In an effort to better support the well-being of our campus community, Elmira College is taking part in an innovative pilot program with five other New York colleges and universities. The program will bring the Consortium on Trauma, Illness, & Grief (TIG) to Elmira and Nazareth College, St. John Fisher University, SUNY Brockport, Northeast College of Health Sciences, and Le Moyne College.

Elmira and the other higher education institutions already support the mental health and wellness of their students through individual counseling models, student engagement, and other initiatives. However, this is the first inter-institutional model that supports the mental health and wellness of students, faculty, and staff. The TIG in Higher Education initiative, which launched in the spring, is a partnership with the Upstate New York College Collaboration (UNYCC) and Coordinated Care Services, Inc., (CCSI), the organization that delivers the trauma response program to assist institutions in effectively responding to the challenges facing students and campuses more broadly.

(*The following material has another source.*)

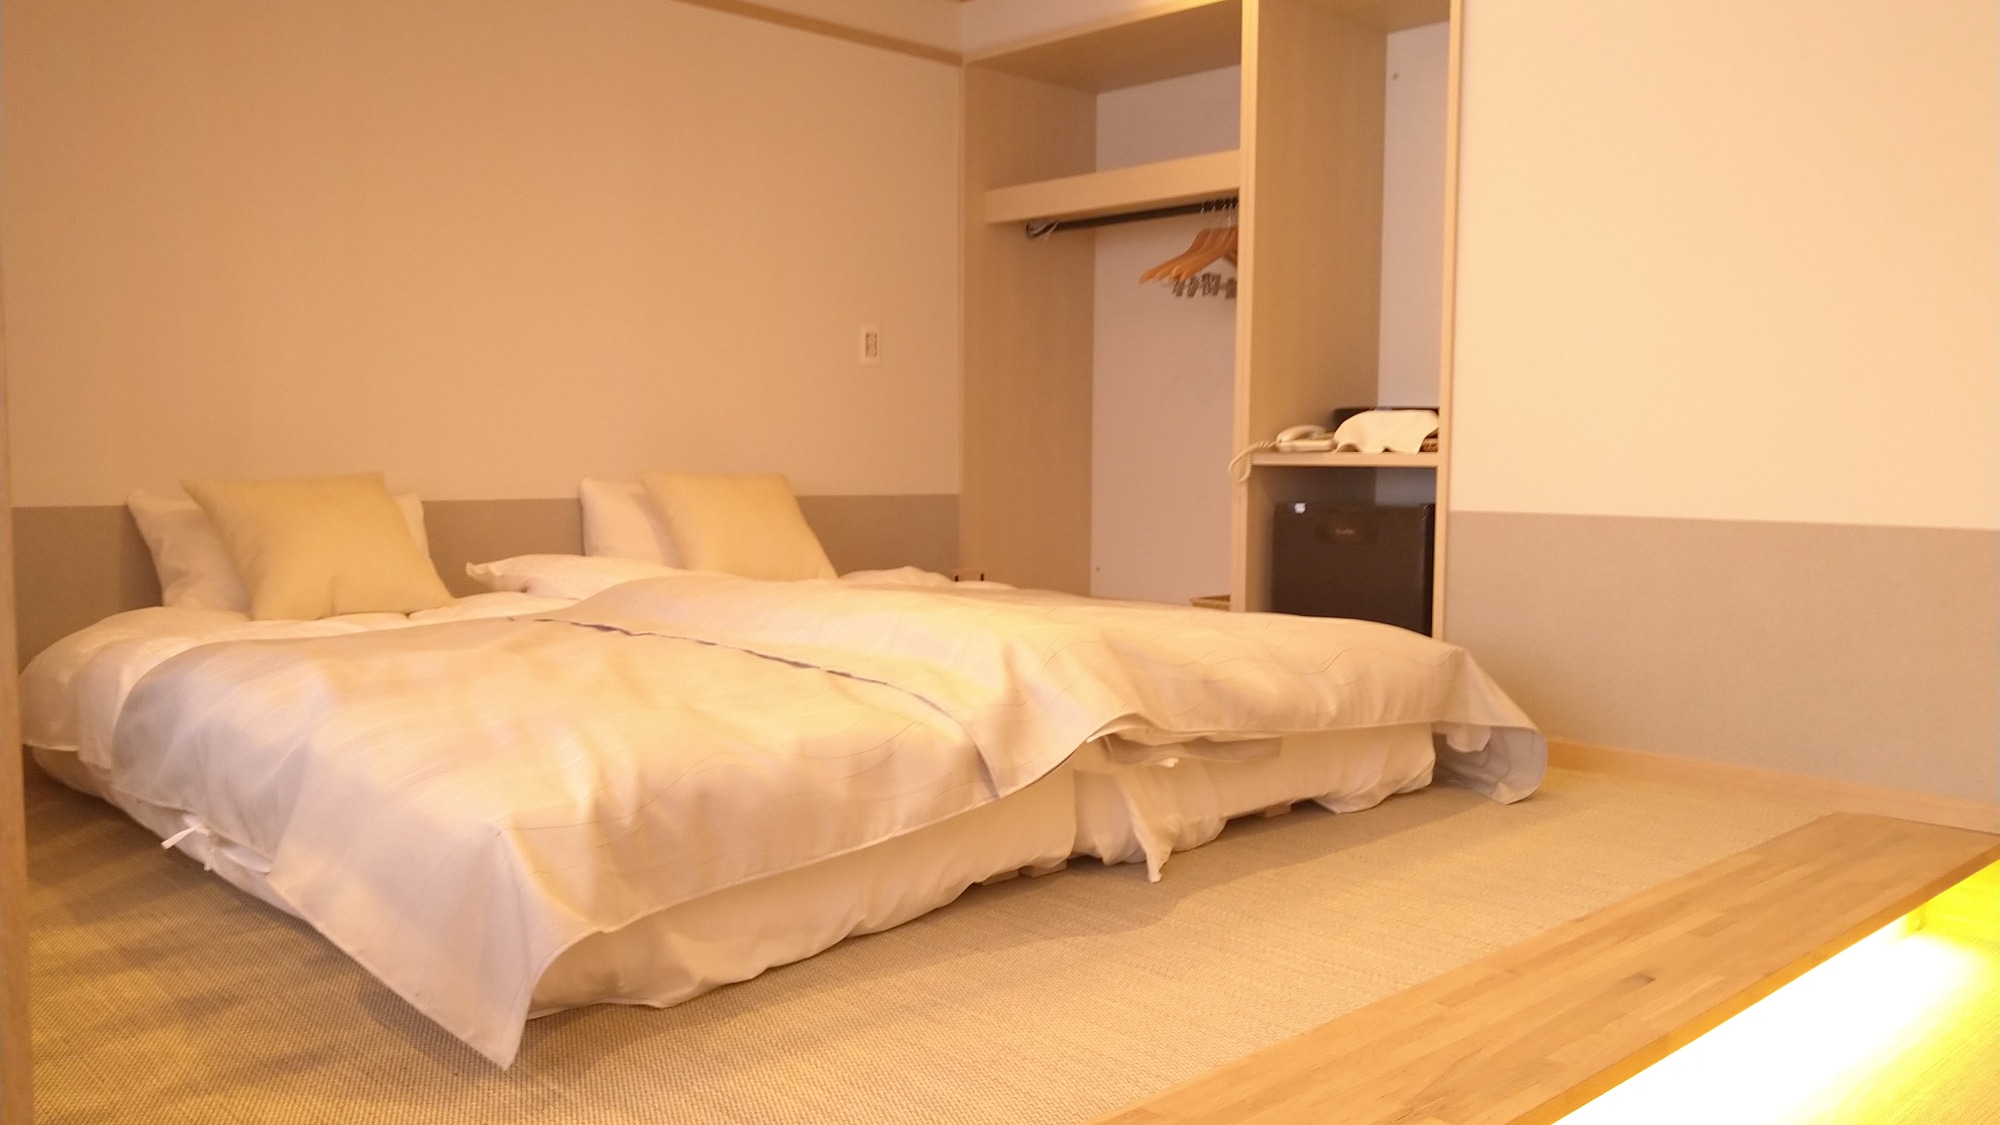 Reiwa เปิดเมื่อวันที่ 4 มีนาคม [ห้องเตียงแฝดสไตล์ญี่ปุ่นและตะวันตก] ห้องนอนเตี้ยขนาดเล็ก "Haruna" พร้อมห้องน้ำ

"I advocated for this intensive training for Campus Life staff so that, as a team, we could collaborate more closely with other higher education institutions to expand our breadth of resources to better support the needs of our students who may be experiencing a crisis related to trauma, chronic illness, and grief," said Elizabeth Lambert, Vice President of Campus Life and Dean of Students at Elmira College.

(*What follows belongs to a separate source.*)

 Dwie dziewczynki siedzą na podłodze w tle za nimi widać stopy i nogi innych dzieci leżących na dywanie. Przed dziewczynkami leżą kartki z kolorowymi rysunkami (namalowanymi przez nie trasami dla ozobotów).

One major goal of the pilot experience includes the formation of a UNYCC working group that is trained in, and adopts, TIG’s strategy of sharing resources to benefit participating institutions beyond what could be achieved individually. Additionally, as a result of this pilot experience, these colleges and universities will have developed the capacity to diminish the impact of significant events in higher education environments.

To participate, each college and university designated a team of up to 10 professionals who participated in a 40-hour training series that includes evidence-based crisis response skills. Six Elmira College employees attended and the inaugural higher ed group finished training this summer. The TIG approach is based on a trauma-informed response model that teaches the participants how to be aware of trauma, illness, and grief on a larger scale. The modules include grief and loss, trauma, suicide risk and intervention, chronic and acute illness, school violence, TIG implementation, and critical incident stress management. For more information, visit

"It has been great to take the content and information learned from the TIG training and be able to implement the model into our campus,” said Jaime Panos M.S. ’18, Assistant Dean of Students at Elmira College. “The Residence Life team has been able to implement a new debrief model for all of our resident assistants and professional staff members after handling traumatic and stressful situations on campus. And the team of administrators who attended the training continues to look for more ways we can implement this training to better support our student population."